Haitham’s first violin wasn’t flawless, it had mistakes and was made using locally sourced wood but yet the sound it produced to his ears was beautiful. This encouraged him to build a second better violin with imported tonewood (wood cut specifically for musical instruments). He started frequenting forums and participating in online communities where other violin craftsmen from around the world would share their tips and techniques. His violins kept improving with every build and soon he had his own tips and tricks to share with the community. He loved crafting violins so much that he quickly forgot about wanting to play them. He became obsessed in building and perfecting his own creations.

When Haitham first started making violins he was spending 4 hours a day working on them and each violin would take around 2 months to complete.
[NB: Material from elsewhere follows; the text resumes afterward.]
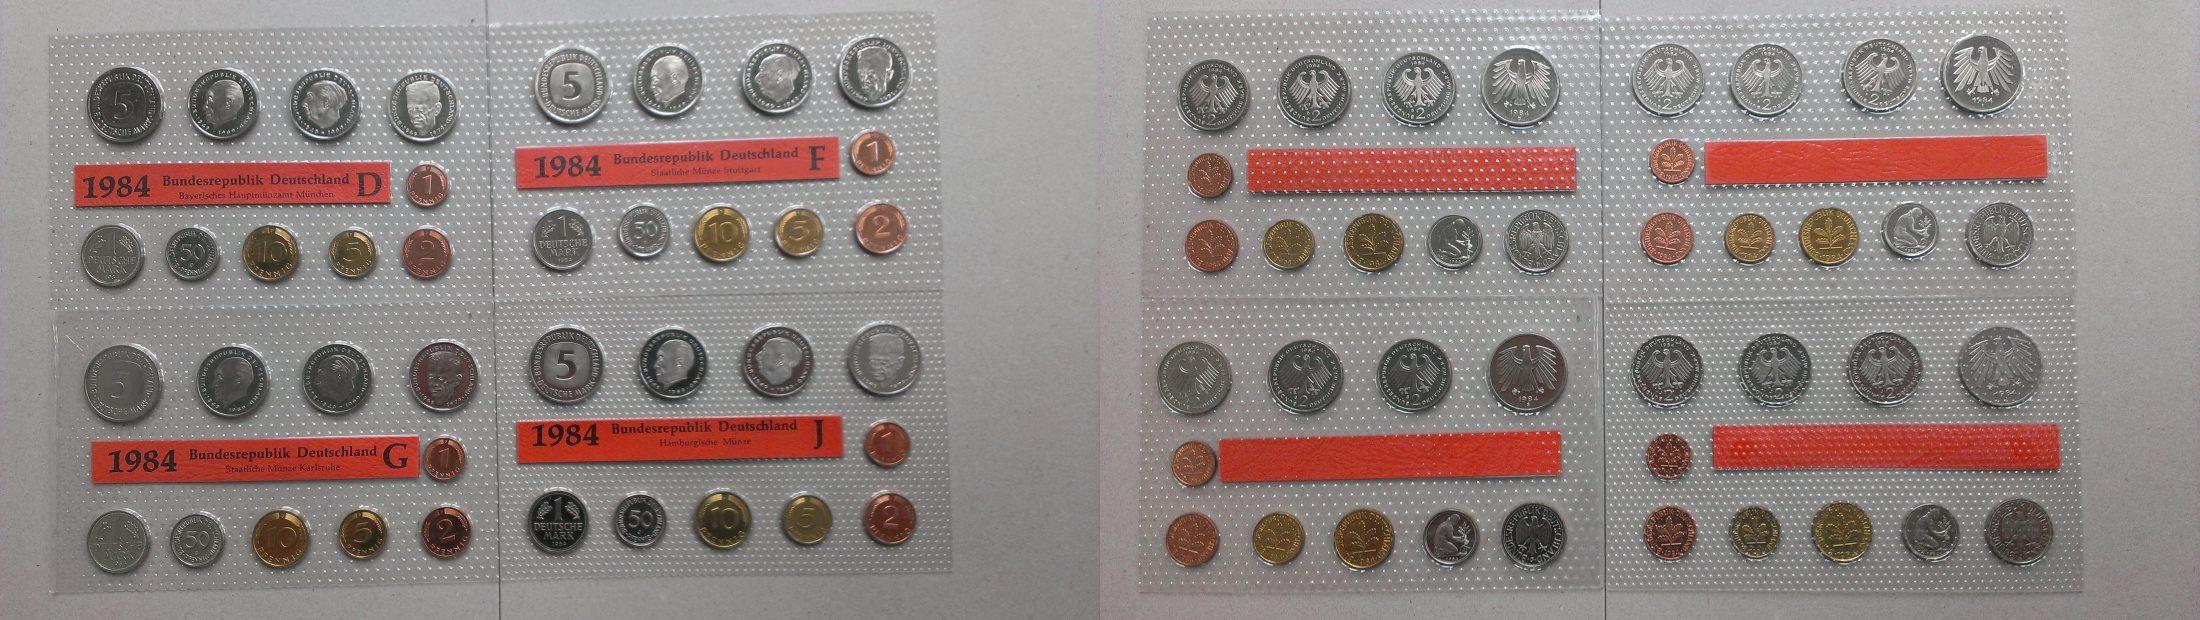 Foto Bundesrepublik Deutschland Jahreskursmünzensatz Dm 1984

Nowadays he’s too busy with work and family so it takes him around 9 months to complete a single violin. But he’s fine with that. He never started making violins with the intention to turning it into a profitable business. Even his prices have remained the same over the years even though his violins kept getting better and demand for them kept increasing. He just loves making violins and isn’t interested in expanding. It’s a hobby he’s just really good at. He also does a lot of repair work on violins which to many musicians is a lifesaver. Musicians bond with their instruments and having a local violin maker means that a damaged violin no longer needs to be discarded but instead can be repaired. Only two of the violins hanging on the wall were his, the rest were either in for repair or were being sold by other musicians.

Once we were done with the interview, Haitham served us some tea. Throughout the whole interview which lasted around 40 minutes I had watched him make us the tea using two kettles, a can filled with what I assume is tea leaves and a box filled with I don’t know what. He then skillfully poured the tea from the large kettle into three glasses that were sitting amongst a dozen on the table in front of us. The tea was delicious and to me summarized the kind of person that Haitham is, a perfectionist.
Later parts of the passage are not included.